In der Sitzung am 11.05.15 haben wir uns zunächst in zwei Gruppen mit jeweils vier Studierenden aufgeteilt, um Themen und Fragen aus dem Buch „Die Welt der Indianer“ bzw. „Political sovereignty and economic autonomy“ herauszuarbeiten und anschließend im Plenum vorzutragen.
Die Gruppe, die sich mit dem Buch „Die Welt der Indianer“ auseinandergesetzt hat, stellt die Frage nach der Perspektive. Es gilt stets zu beachten wer Geschichte schreibt bzw. geschrieben hat und ob es sich dabei um eine Insider- oder eine Outsiderperspektive handelt. Die Autor_innen legen dabei fest, welche Daten als relevant angesehen werden und ob sie sich auf sogenannte Oral History verlassen. Hinzu kommt, dass es sich bei Werken über das indigene Nordamerika oftmals um eine eurozentristische Sichtweise handelt und nicht um eine Tribatography, die aus der Perspektive einer bestimmten Ethnie geschrieben wird. Damit gehen die Fragen nach der Eigendefinition und der Fremdzuschreibung einher, die nicht getrennt voneinander gesehen werden dürfen. Wenn ich mich selbst definieren will, muss ich mich damit auseinandersetzen, wie ich von außen gesehen werde. Dabei stellt sich die Frage nach dem „wirklichen“ und dem „symbolischen Indianer“, der oftmals in Geschichtsschreibungen auftaucht. Es geht dabei um Sicht- und Hörbarkeit, als auch um Intelligibilität. Wann werden indigenen Personen als solche lesbar und auch als indigen anerkannt? Die Gruppe stellte somit die Frage nach der Perspektive, als auch die Frage nach der Identität bzw. nach dem Subjekt.
Diejenigen, die sich mit dem Buch „Political Sovereignty and Economic Autonomy“ beschäftigten, stellten die Frage nach der Anerkennung eines Staates bzw. einer Kultur. Dazu wurde der Kulturrelativismus herangezogen, der besagt, dass jede Kultur in sich gleichwertig ist und aus sich selbst heraus erklärt werden kann. Dadurch wird eine ethnische Sichtweise politisch umgesetzt. Das Aufzwängen des „American Way of Life“ und die Einstellung, dass es nur eine „richtige“ Kultur gibt und die für alle Menschen zu gelten hat, hat damit ein Ende. Aus diesem Gedanken sind Reservationen entstanden, die aber auch als Ghettos betrachtet werden können und somit das Ergebnis einer Vertreibungspolitik sind.

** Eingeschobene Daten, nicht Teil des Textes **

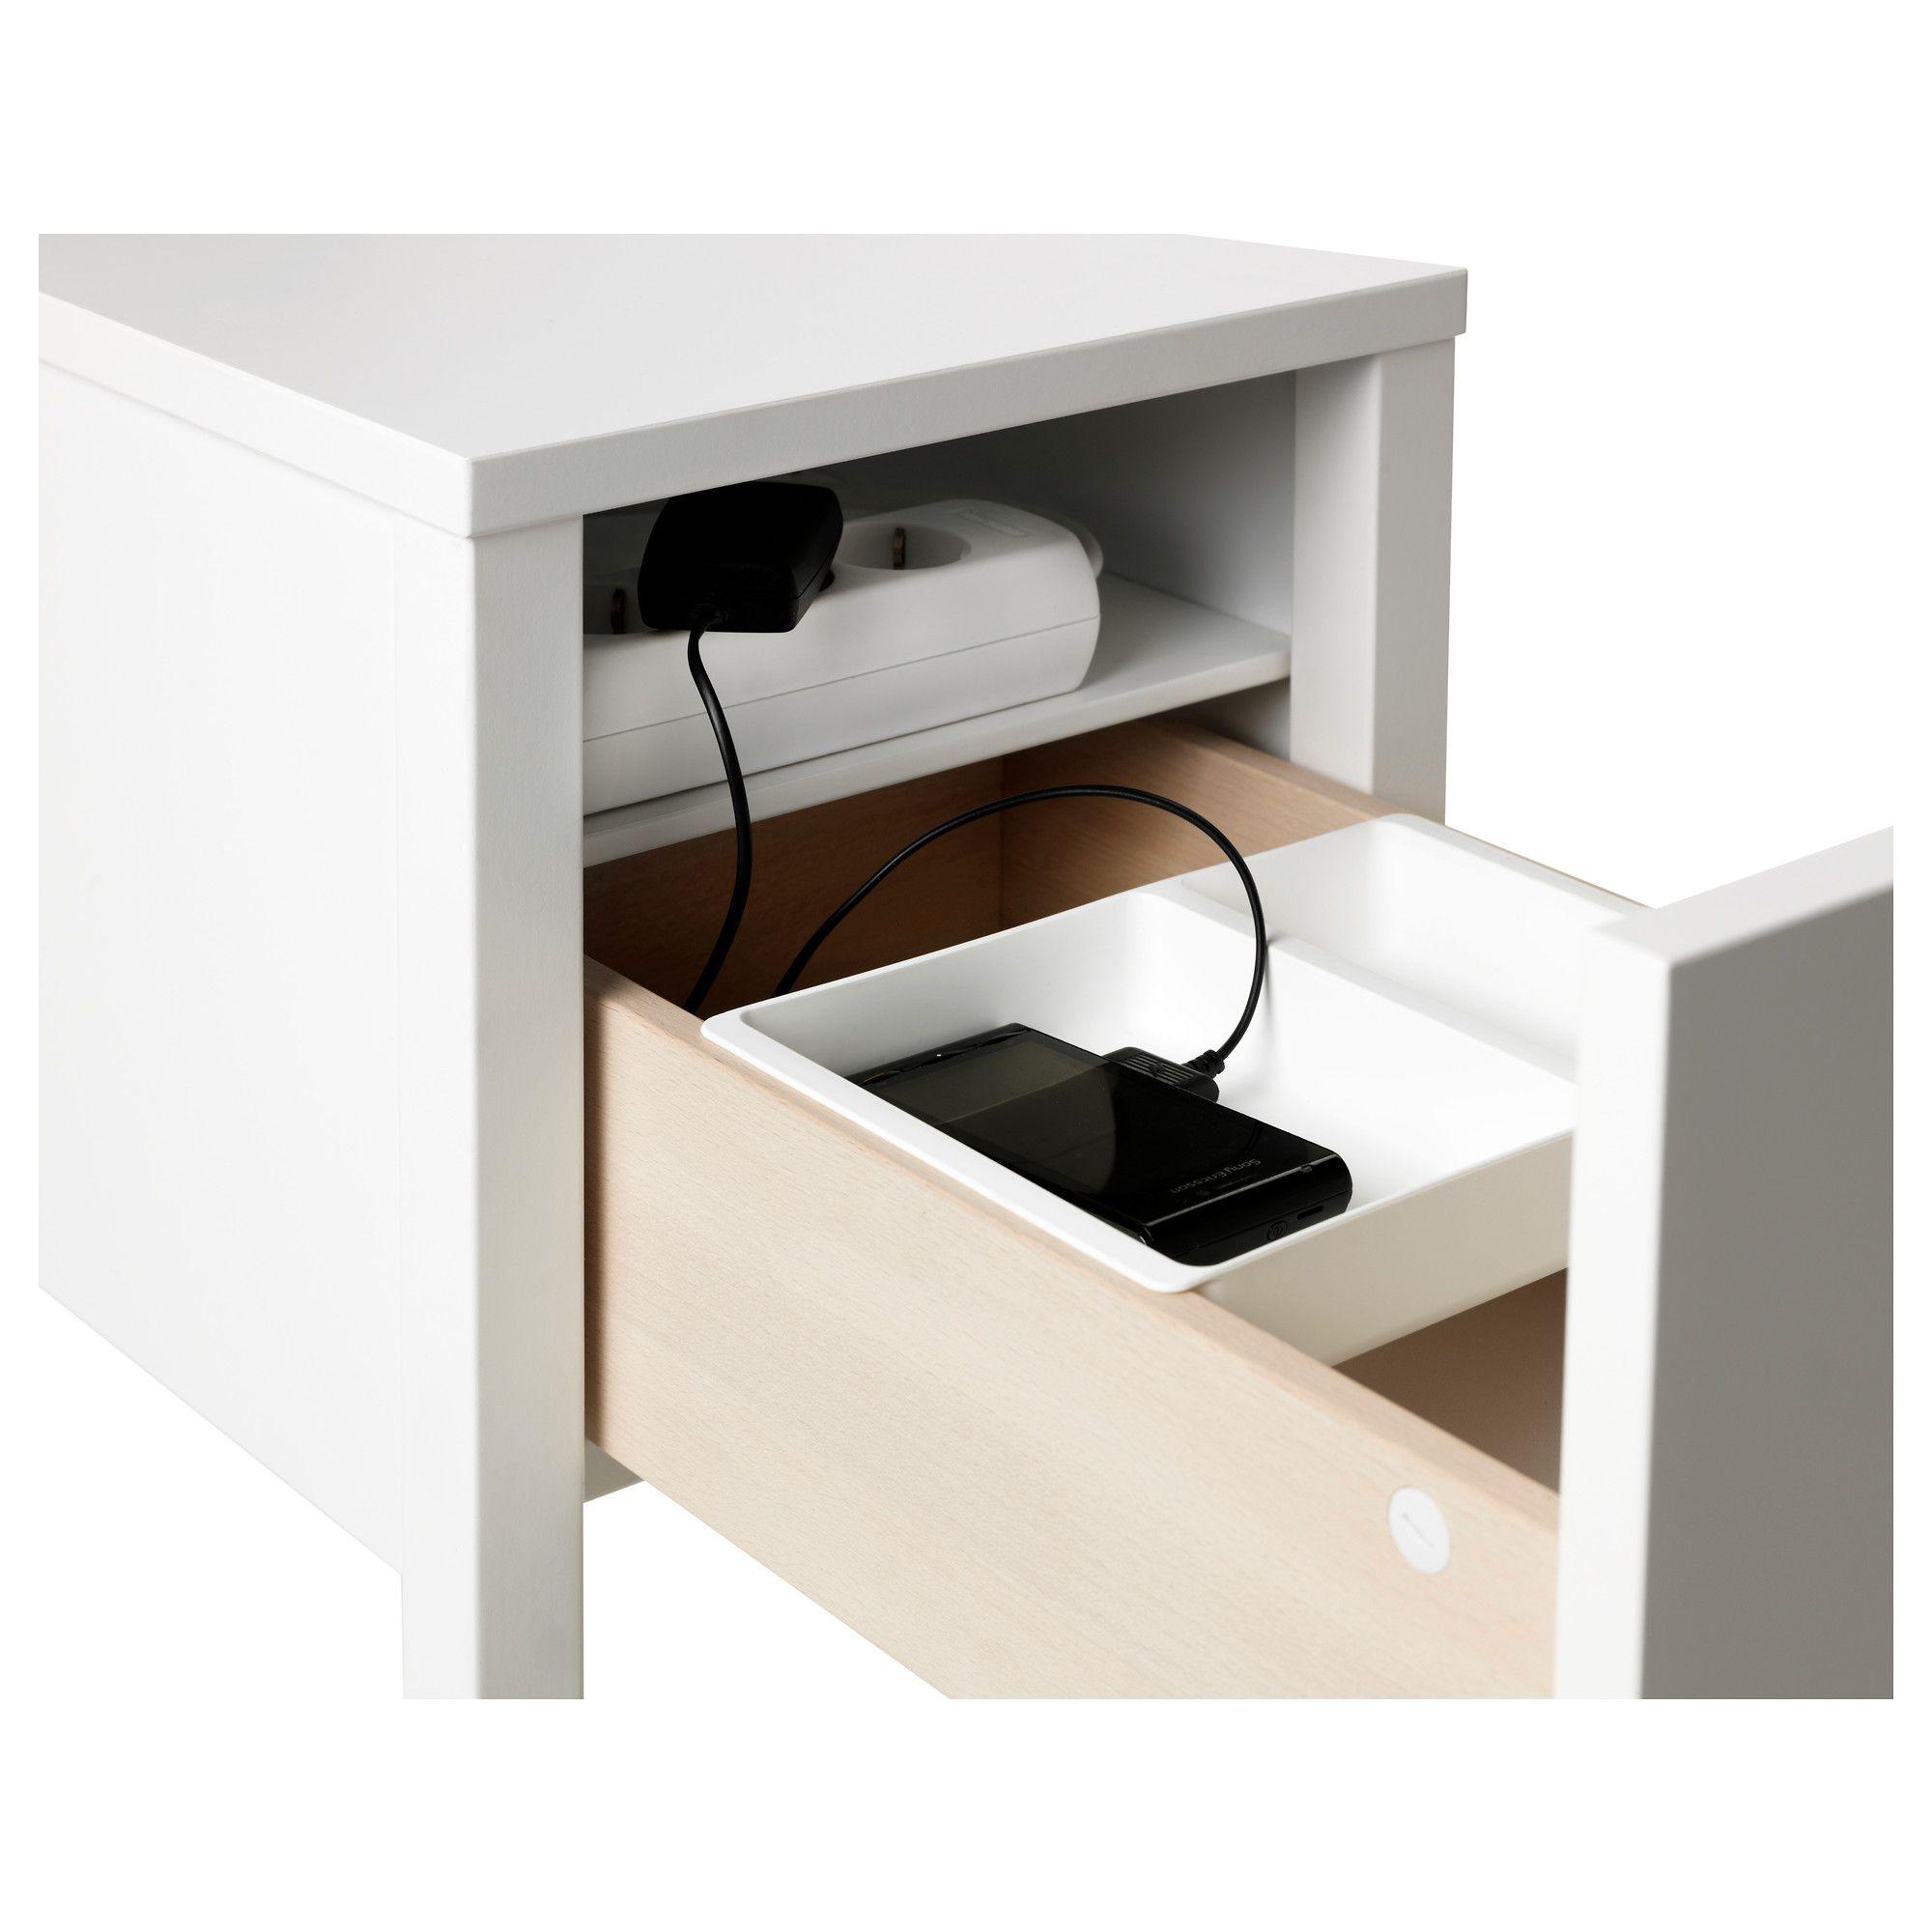 IKEA NORDLI Nightstand white Bedside table ikea, Ikea

Nachdem diese beiden Themenbereiche von den Gruppen abgehandelt wurden, ist die Frage nach der Definition von Kultur aufgetaucht. Es kann Kultur als eine Lebensweise verstanden werden, sodass alles Kultur ist. Oder Kultur kann als Symbolsystem verstanden werden, sodass es sich bei Kultur um Sprache, Texte oder Religion handelt. Das letztere Verständnis wird von Sapir-Whorf, Weber und Geertz vertreten. Dazu diskutierten wir in zwei Gruppen die Frage, was die Unterschiede zwischen den beiden Konzepten im Hinblick auf die indigene Kultur sind. Die Gruppe, die sich mit der Kultur als Lebensweise auseinandersetzte, sammelte die folgenden Thematiken: Leben in Reservation, Kleinstadt, Metropole oder auf dem Land, Armut, Drogensucht und Kasinos, Vorstellungen darüber wie ein „Indianer“ zu sein hat und die damit verbundene „Touristifizierung“, sowie die Anerkennung religiöser Gemeinschaften. Die Gruppe, die sich mit Kultur als Symbolsysteme stellt sich diesbezüglich folgende Fragen: Inwieweit soll indigene Sprache in Textproduktionen eingesetzt werden? Wie ist dies umsetzbar und wie kann Verständlichkeit gewährleistet bleiben? Wer darf welche Kunst in welcher Form darstellen? Darf ein Weißer eine indigene Figur (in Theater und Film) spielen? Und wie werden Symbolsysteme tradiert?
Durch diese unterschiedlichen Betrachtungsweisen von Kultur, entstehen erneut unterschiedliche Fragen, die es im Laufe der Forschung zu beachten und zu definieren gilt. Diese Sitzung sollte einen Einblick darüber geben, dass es wichtig ist die Fragen nach der Perspektive, der Identität, aber auch dem Begriffsverständnis zu klären, da diese unterschiedliche interpretiert werden können.